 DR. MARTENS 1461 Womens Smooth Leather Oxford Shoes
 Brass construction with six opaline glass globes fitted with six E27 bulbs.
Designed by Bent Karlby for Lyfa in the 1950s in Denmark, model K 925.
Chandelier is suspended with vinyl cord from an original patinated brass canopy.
...
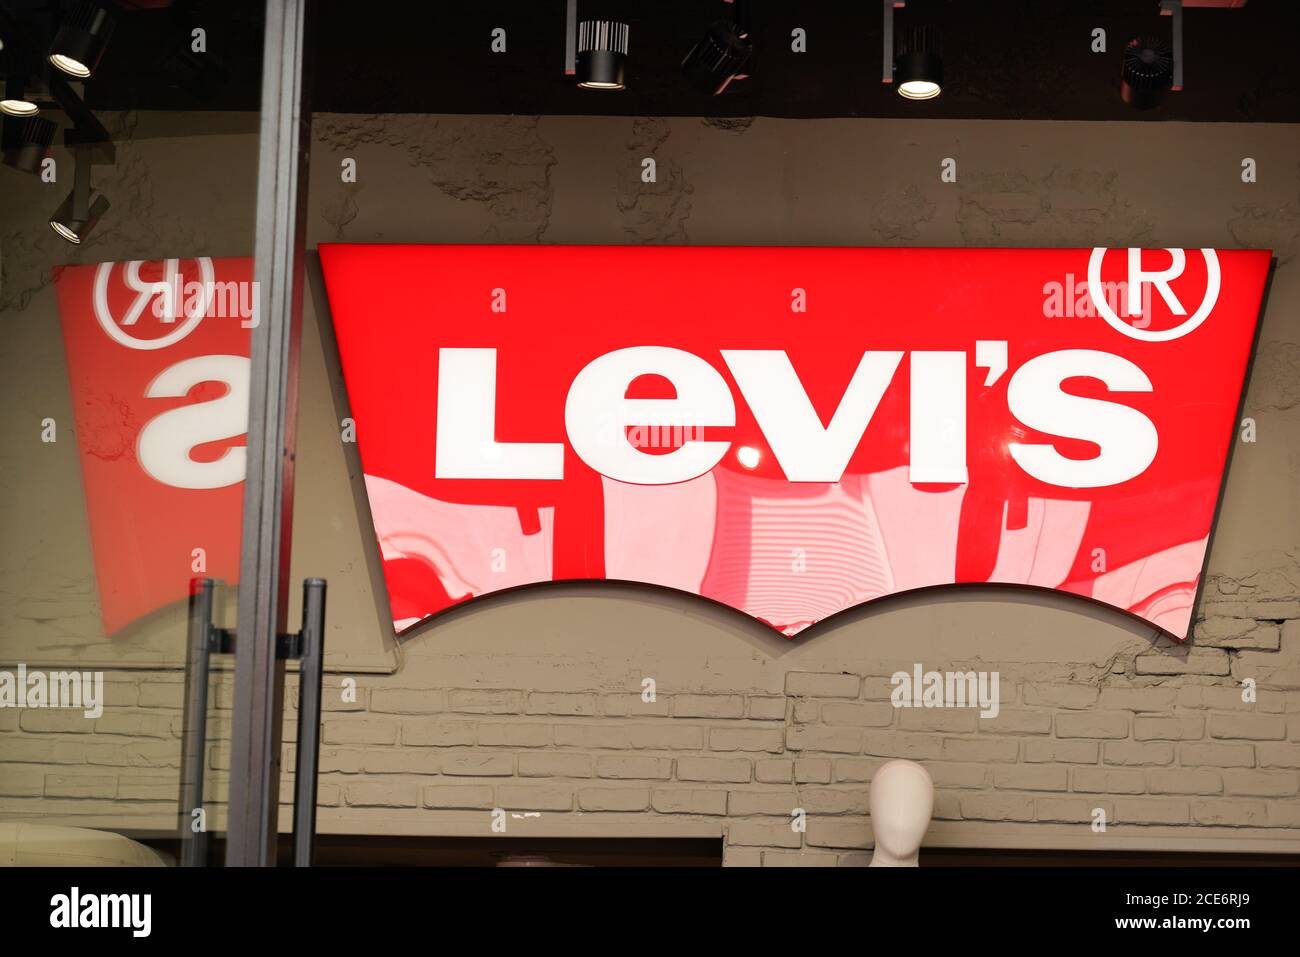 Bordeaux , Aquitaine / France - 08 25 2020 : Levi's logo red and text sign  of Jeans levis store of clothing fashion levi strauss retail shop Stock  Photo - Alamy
==
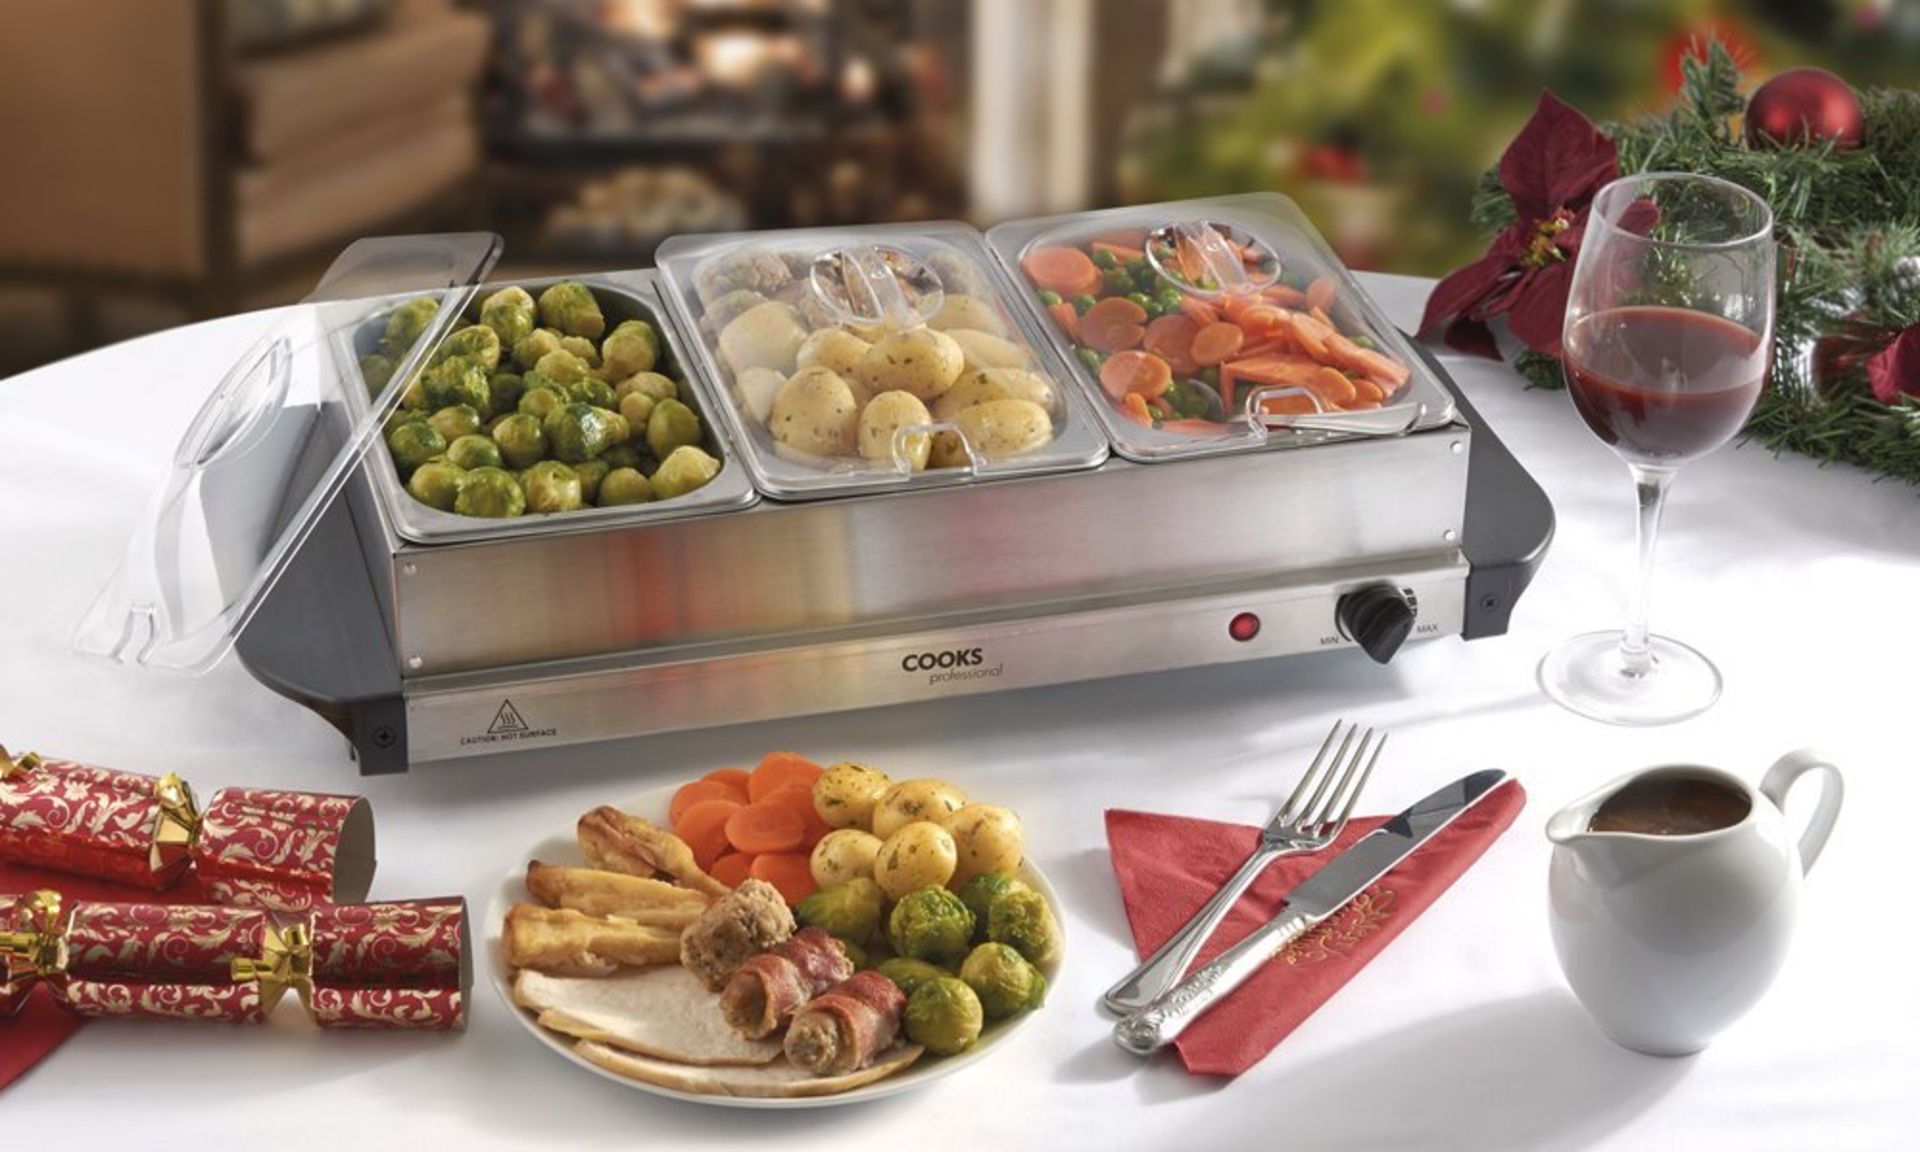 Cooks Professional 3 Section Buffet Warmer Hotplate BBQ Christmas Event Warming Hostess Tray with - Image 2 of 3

**ACTION ITEM:** Look in the material above for the line with "Designed by Bent" and the line with "Chandelier is suspended", and transcribe exactly those lines and all lines between them, nothing more.

**ANSWER BELOW:**
Designed by Bent Karlby for Lyfa in the 1950s in Denmark, model K 925.
Chandelier is suspended with vinyl cord from an original patinated brass canopy.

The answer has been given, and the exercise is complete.